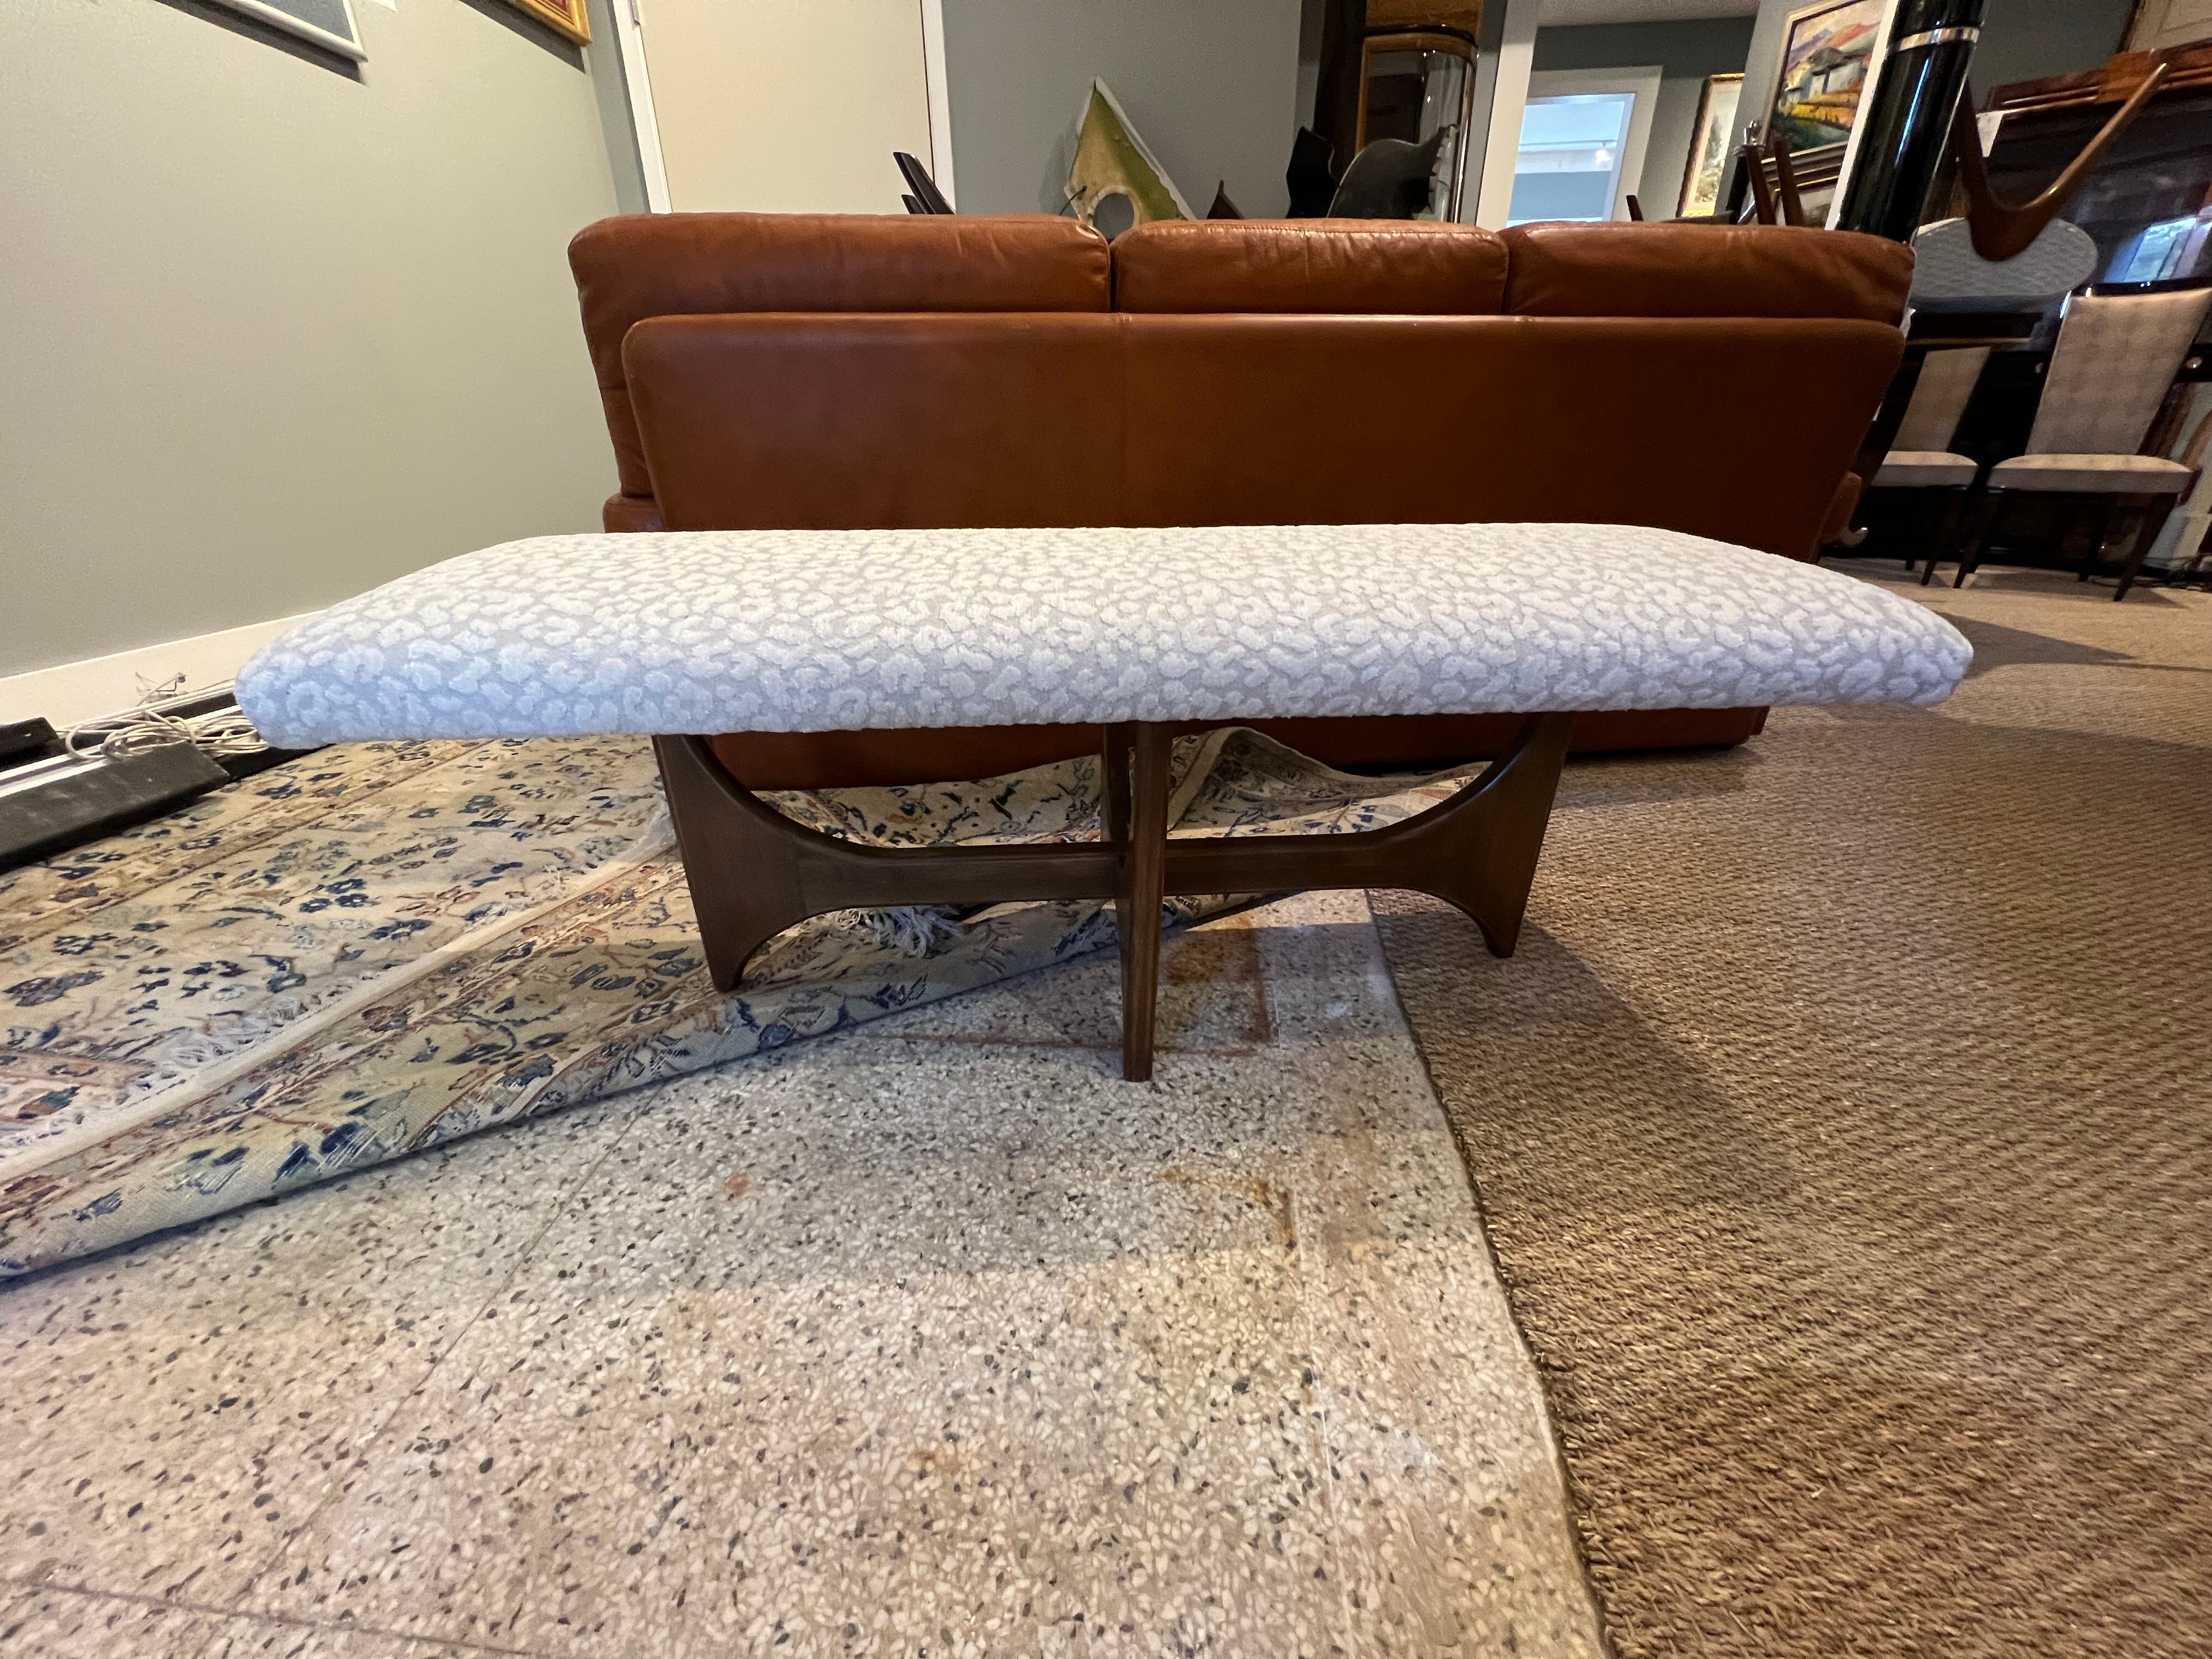 Mid-century Bench is made out of beech wood. Newly re-upholstered in a light velvety fabric and re-polished. Legs are beautifully carved and intertwine on the bottom.

Condition is perfect. Restored.
Italy, c. 1950s 
51

Exercise instructions: Everything in the data except the pictures must appear in your answer unchanged.

Result below:
 Mid-century Bench is made out of beech wood. Newly re-upholstered in a light velvety fabric and re-polished. Legs are beautifully carved and intertwine on the bottom.

Condition is perfect. Restored.
Italy, c. 1950s 
51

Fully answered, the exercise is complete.